When you start growing up, birthdays either become a day of relief, or become yet another normal day in your life. This is because either you break the fast momentum of your life by relieving yourself from all the hedonistic and decadent tensions, or you get on with them.
I turned 19 this month, and it was my first birthday without my parents. But even my 17th and 18th birthday was celebrated without my father, as I lived away from him for 2 years for studies. But I got the ‘shit just got real’ feeling as I understood that this is just the first, and there are going to be many birthdays without your loved ones.
But loved ones becomes an all pervasive word- friends become important. I used to deny the fact that there is no one in the world who could care for me or like me more than my parents. No one does, but then there are people who I can reach out to, and the purport of this realisation is realised during these kinds of special days.

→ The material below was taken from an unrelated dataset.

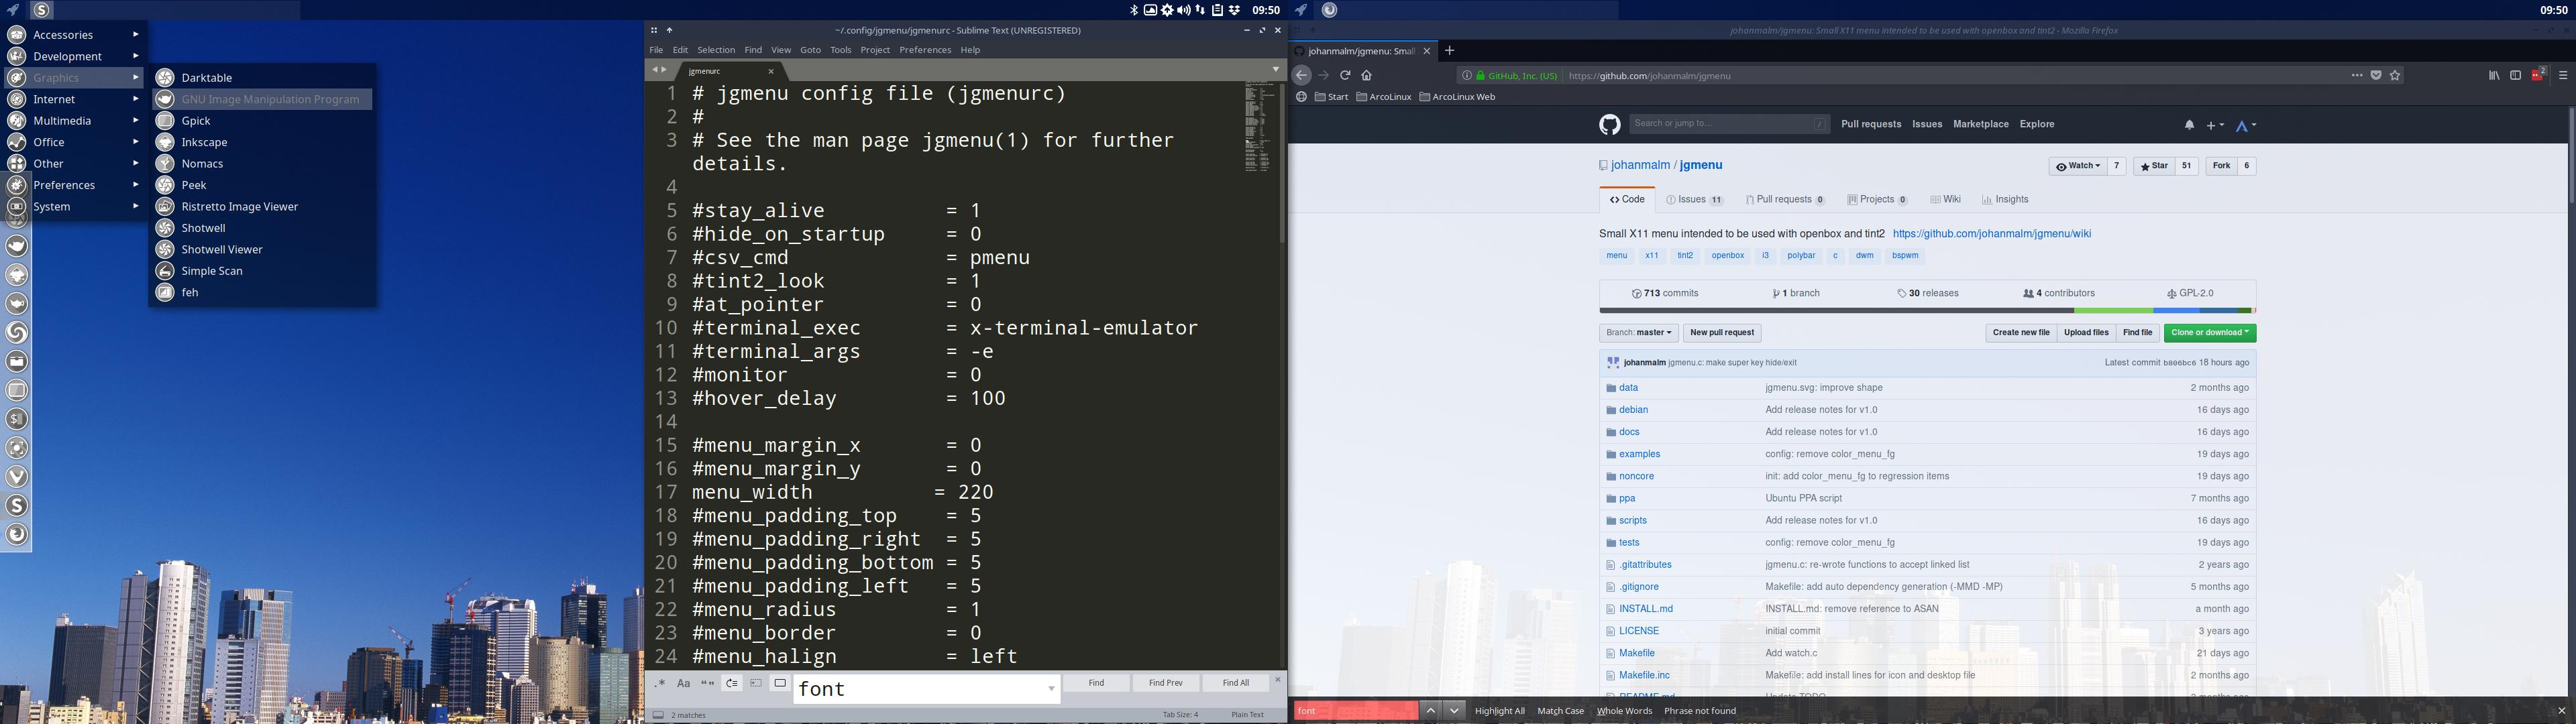 Adding jgmenu to your openbox system   Arcolinux com

There were only few people who tried to make it the best day of my college first year, even though I was practising and working and rehearsing ( as I said, hedonistic tensions) on the day I am supposedly allowed to be free. But you know what, I actually felt purposeful while I was practising my day away. Even though I felt bad that I couldn't sleep for long hours, or I couldn't spend the day doing nothing, but then every birthday is celebrated differently, and this was spent doing something which I am going to take up as my future- acting, rehearsing etc.
Many friends did a lot, one of my friends travelled a long way, dressed up and came with a cake, rendering ME speechless. No one has ever done such a thing for me. She thinks it was small, but for me it is way more than just coming and giving a cake.
And my blockmates were sweet and organised a little game and had the usual hostel fun, but there was one gift that stood out. One of my friends, he gave me a diary. Well, diary is too hackneyed, one may say this but what the diary had was my parents’ photo, his photo with me and a poem – how beautifully he gathered three things that I hold most important in my life- my parents, my pen, and my friendships. This was the point I realised that things happen for good, if I didn’t stay away from my parents, I would have never got such a friend, and would have never realised my parents’ importance in life.
Thanks, is a small word, but it goes with all the emotions attached with it. I am a stoic person, generally, but when I write, my words are attached with tons of sentiments , and I consider myself lucky that I have my own personal space to tell it to the world, an interesting paradox that governs my life. My blog.